🤖 AI Summary
Existing character animation methods (e.g., Animate Anyone) generate consistent and generalizable motions but neglect physical and semantic interactions between characters and their environments, leading to implausible actions. This work is the first to explicitly model environmental affordances as conditioning signals in diffusion-based generation, ensuring spatial and behavioral consistency between character poses and scene geometry/semantics. We introduce three core designs: (1) a shape-agnostic masking strategy to decouple environment regions; (2) an object-guided spatial feature fusion mechanism; and (3) a pose-driven feature modulation module. These components jointly optimize environment region encoding, object-aware feature extraction, and spatially adaptive feature injection. Experiments demonstrate significant improvements in motion plausibility and visual fidelity across diverse interactive scenarios. Both qualitative and quantitative evaluations surpass state-of-the-art methods.
📝 Abstract
Recent character image animation methods based on diffusion models, such as Animate Anyone, have made significant progress in generating consistent and generalizable character animations. However, these approaches fail to produce reasonable associations between characters and their environments. To address this limitation, we introduce Animate Anyone 2, aiming to animate characters with environment affordance. Beyond extracting motion signals from source video, we additionally capture environmental representations as conditional inputs. The environment is formulated as the region with the exclusion of characters and our model generates characters to populate these regions while maintaining coherence with the environmental context.
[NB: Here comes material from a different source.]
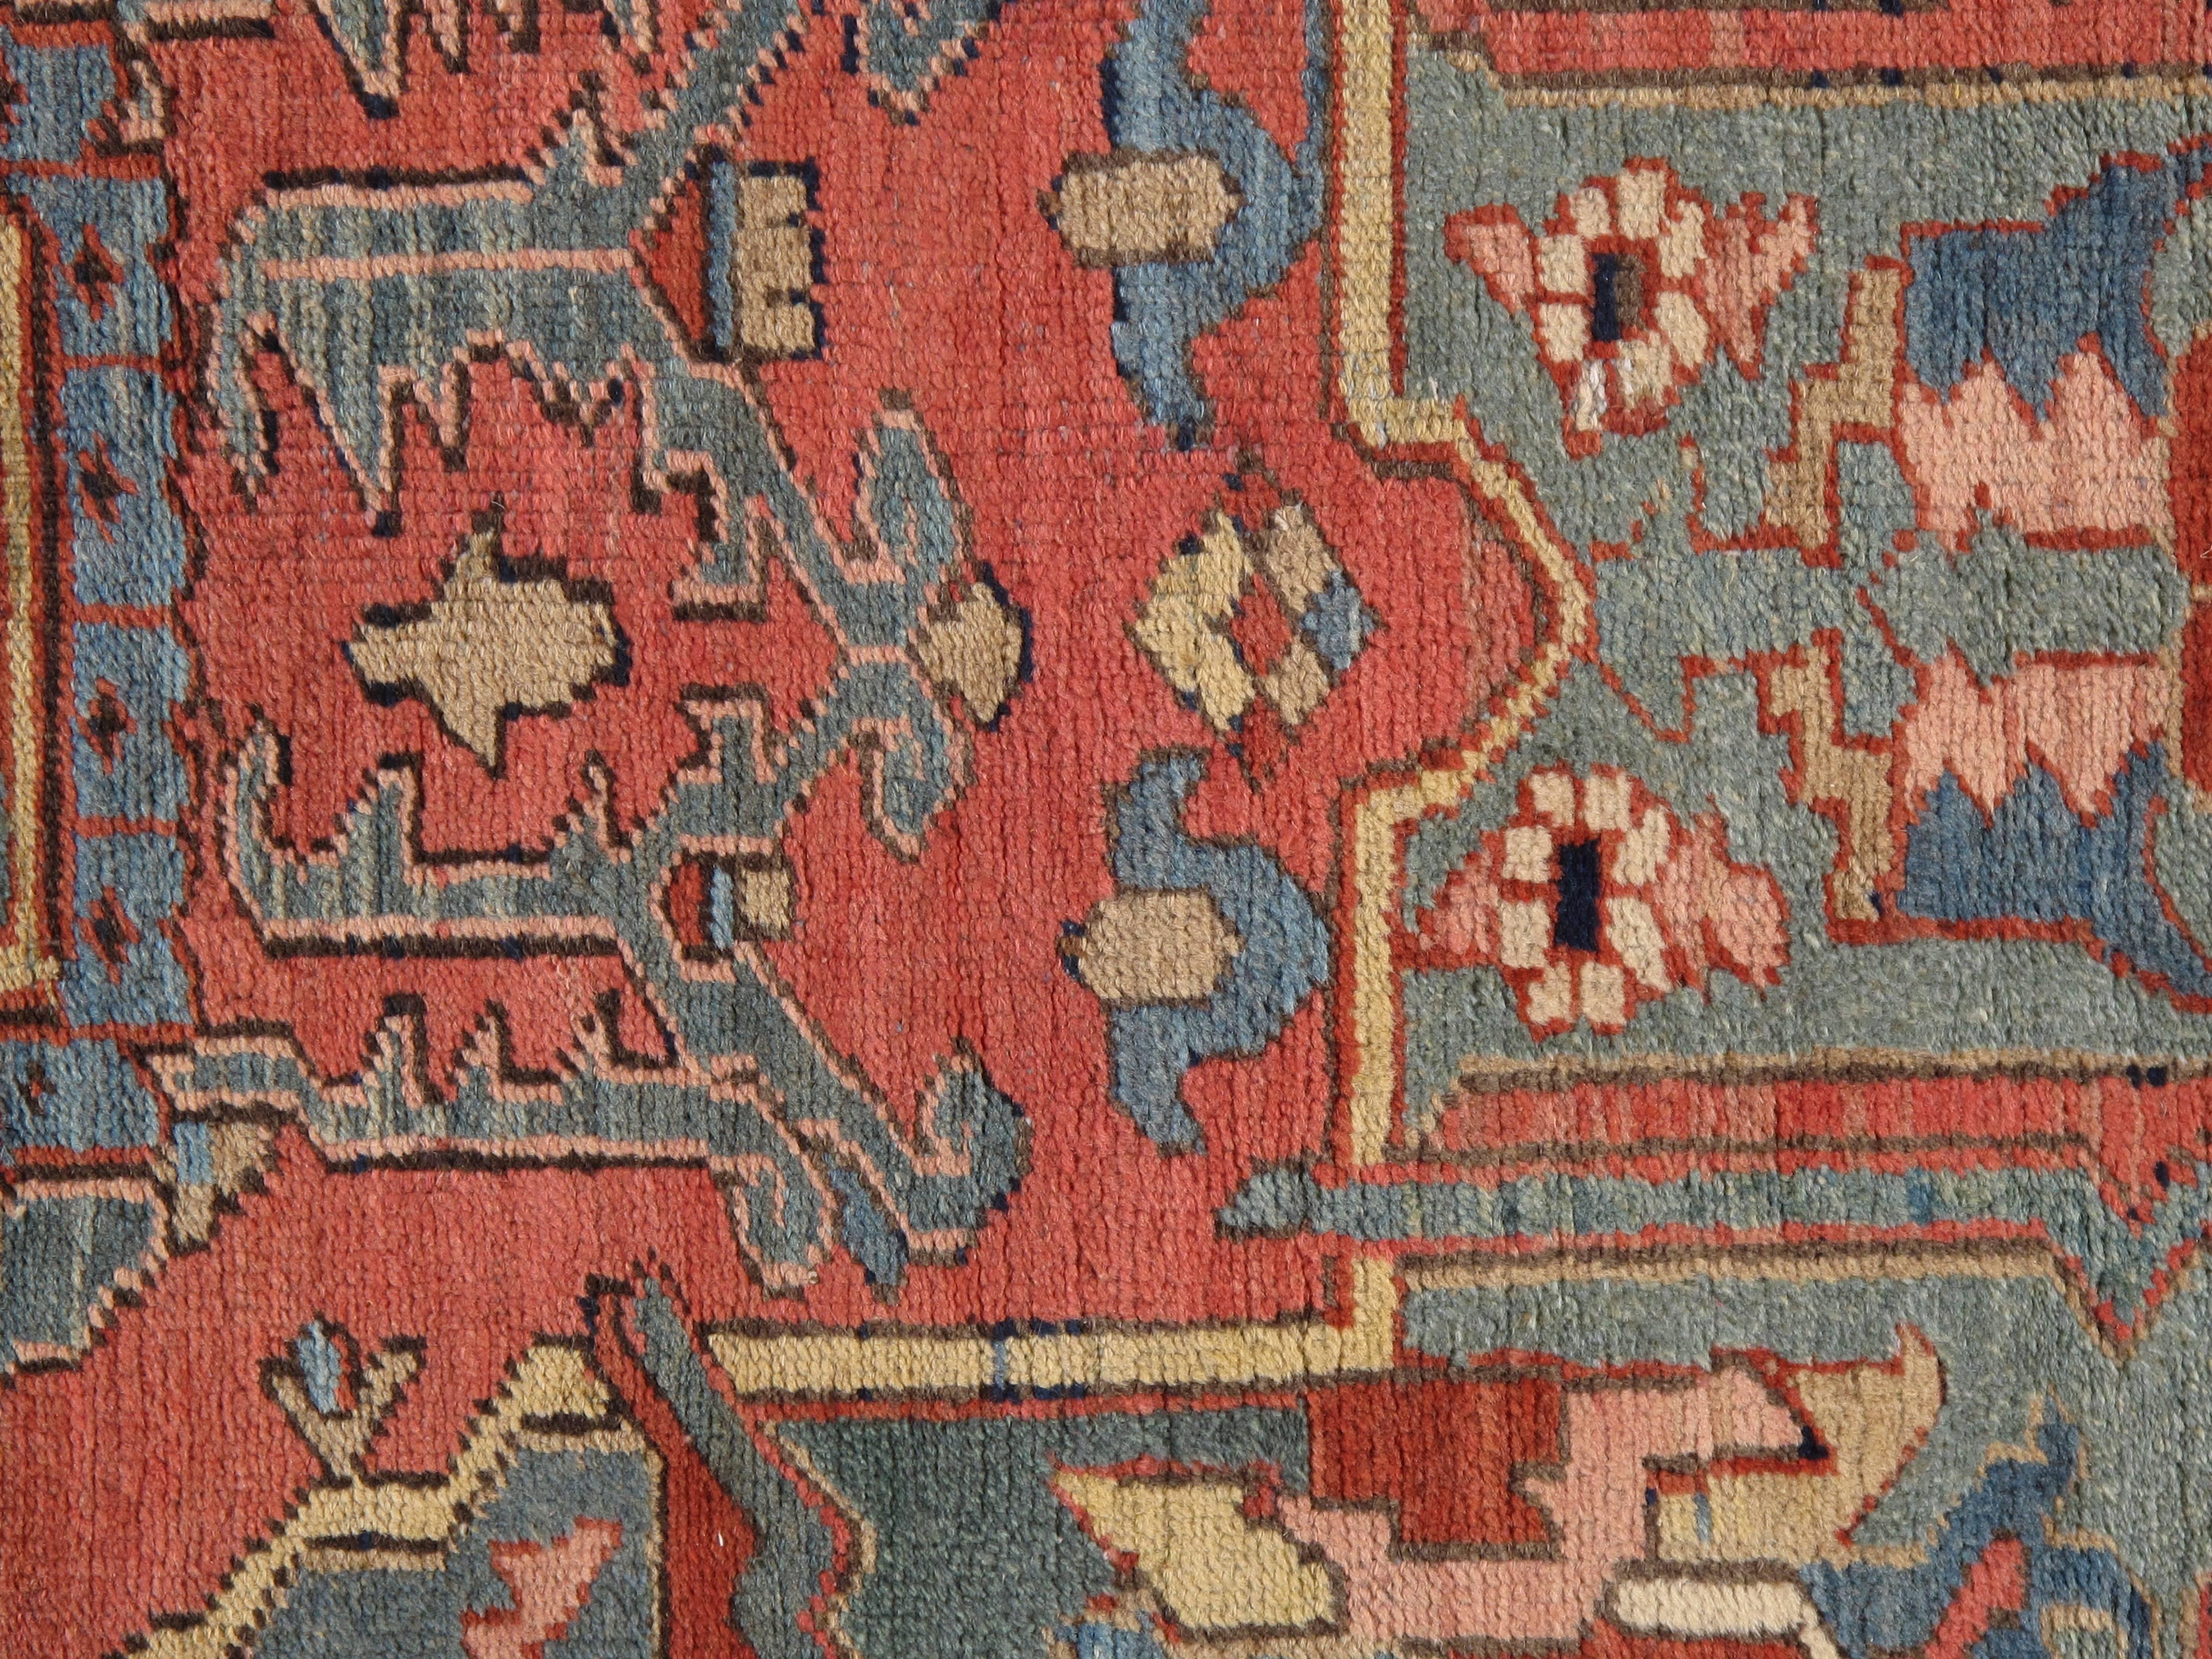 Early 20th Century Antique Persian Heriz Carpet, Handmade Wool Oriental Rug, Rust, Navy, Light Blue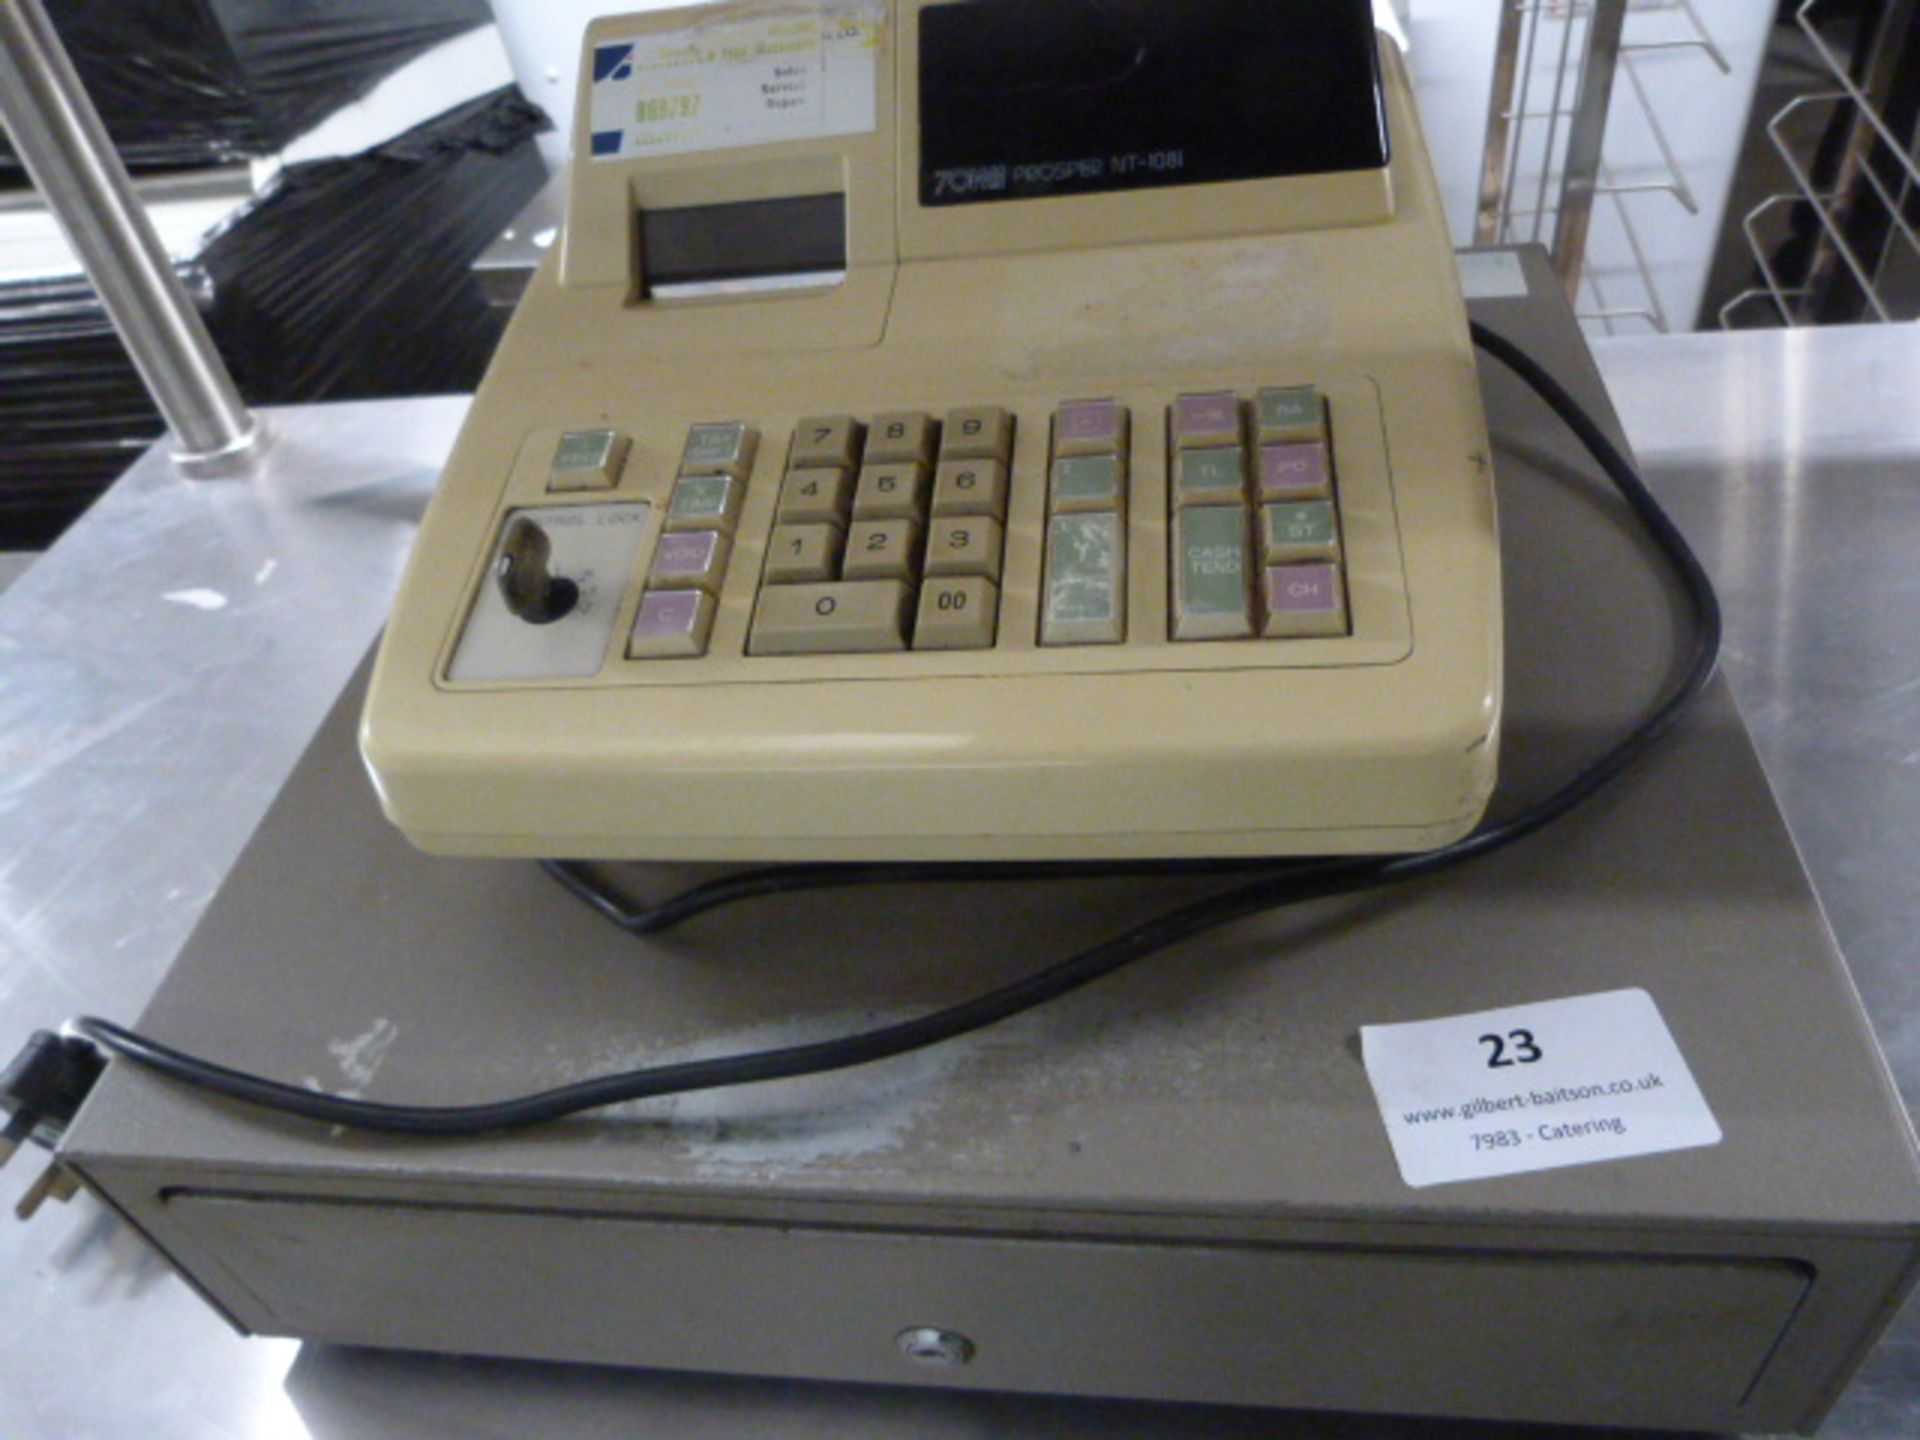 Towa Prosper NT-0181 Electronic Cash Register

We propose a shape-agnostic mask strategy that more effectively characterizes the relationship between character and environment. Furthermore, to enhance the fidelity of object interactions, we leverage an object guider to extract features of interacting objects and employ spatial blending for feature injection. We also introduce a pose modulation strategy that enables the model to handle more diverse motion patterns. Experimental results demonstrate the superior performance of the proposed method.